Ринат наклонился, прижался губами к моей щеке, потом добрался до губ и впился в них, как будто хотел выпить весь «откровенный закат» до дна. Горячие руки заскользили вниз, где начинается молния у платья цвета фуксии, а затем поднялись чуть выше и, обхватив за плечи, вдавили до боли в глубокие борозды ствола березы. Жужжание в одну секунду превратилось в рев, который заглушил бы двигатель МиГ-25. Мои пальцы утонули в мягком мехе, резко запахло перечной мятой, и все вдруг со страшным грохотом лопнуло, как Ленкино терпение.
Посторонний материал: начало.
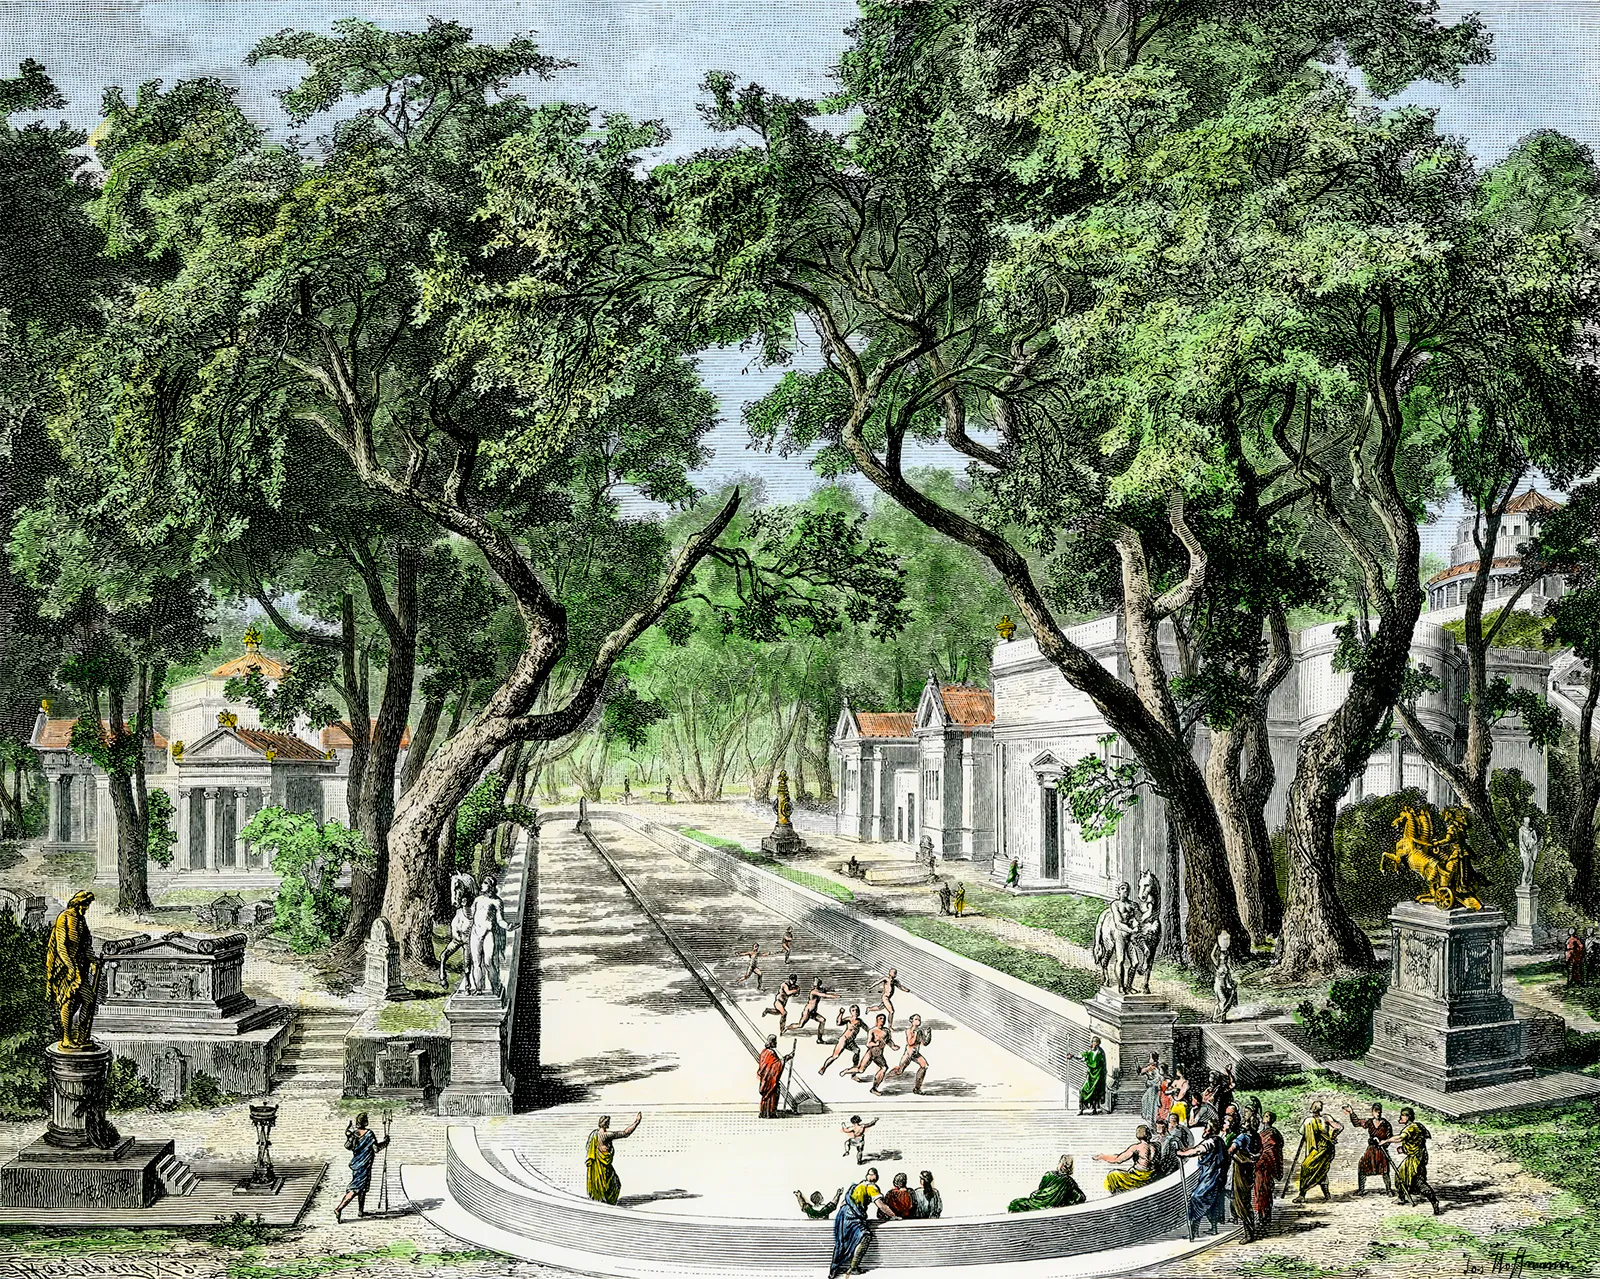 A detailed illustration depicting boys training in ancient Sparta. The scene unfolds in a lush, tree-lined avenue with classical architecture on either side. In the foreground, a group of young boys engage in athletics. Onlookers, possibly trainers or older citizens, watch their progress. Statues and monuments adorn the path, emphasizing the significance of martial training in Spartan culture. The overall atmosphere suggests discipline, tradition, and the importance of physical prowess in the Spartan way of life.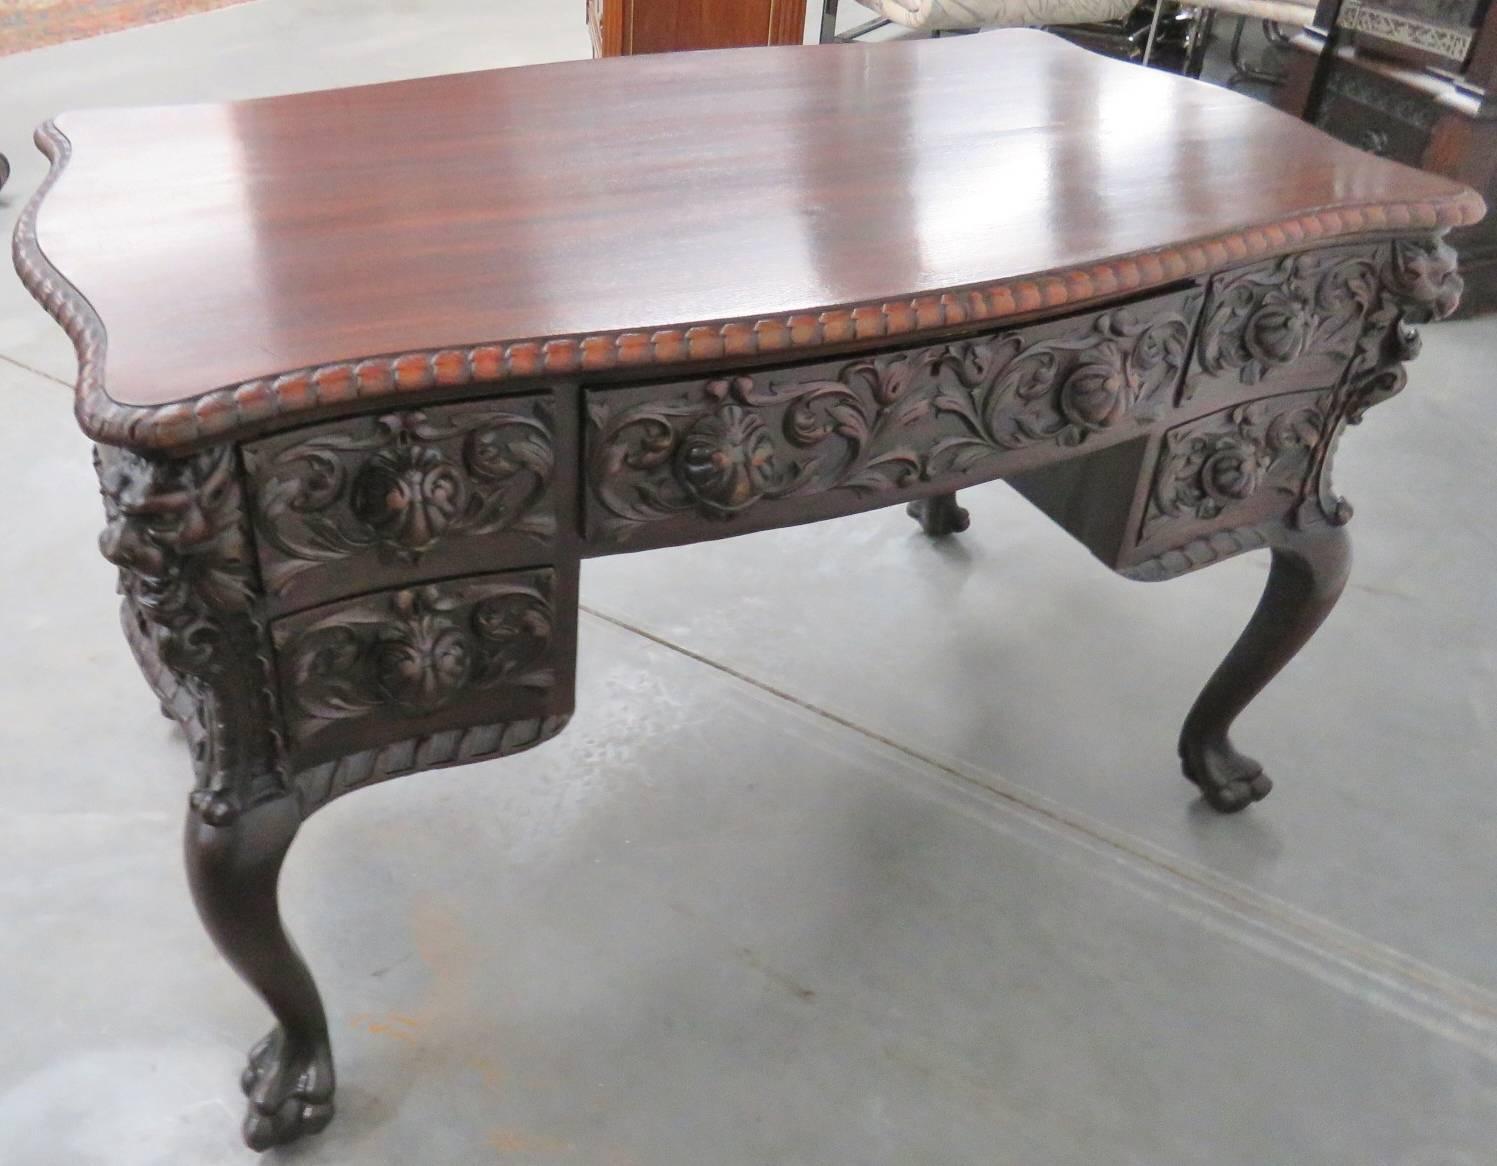 Carved mahogany with griffins and ball and claw feet.

Нужно было поглубже вдохнуть, но я не успела и как будто оказалась под водой. Движения замедлились, и вокруг теперь ничего не было слышно: беззвучно качаются березы, беззвучно, прячась за ними, смеется Анька, все блестит и переливается, как Женькины метеориты.
– Это искры, которые создают атмосферу, – говорит Леха, выглядывая из-за березы. – А вовсе не твои сексуальные фантазии.
Но это никакие не фантазии! Ринат отстранился, выдохнул, и тут же корни сложились в «елочку» паркета, березы стали плоскими и вытертыми, жужжание превратилось в гул музыки за стеной. Я вытащила изо рта жвачку и скатала из нее шарик, чтобы он послужил доказательством для Наташи. Теперь необходимо было найти ее, но она уже сама прибежала сюда со своим карандашом с обкусанным ластиком.
– Вот. – Я протянула ей жвачку и, к счастью, услышала свой голос. – Можешь записывать в свою статистику.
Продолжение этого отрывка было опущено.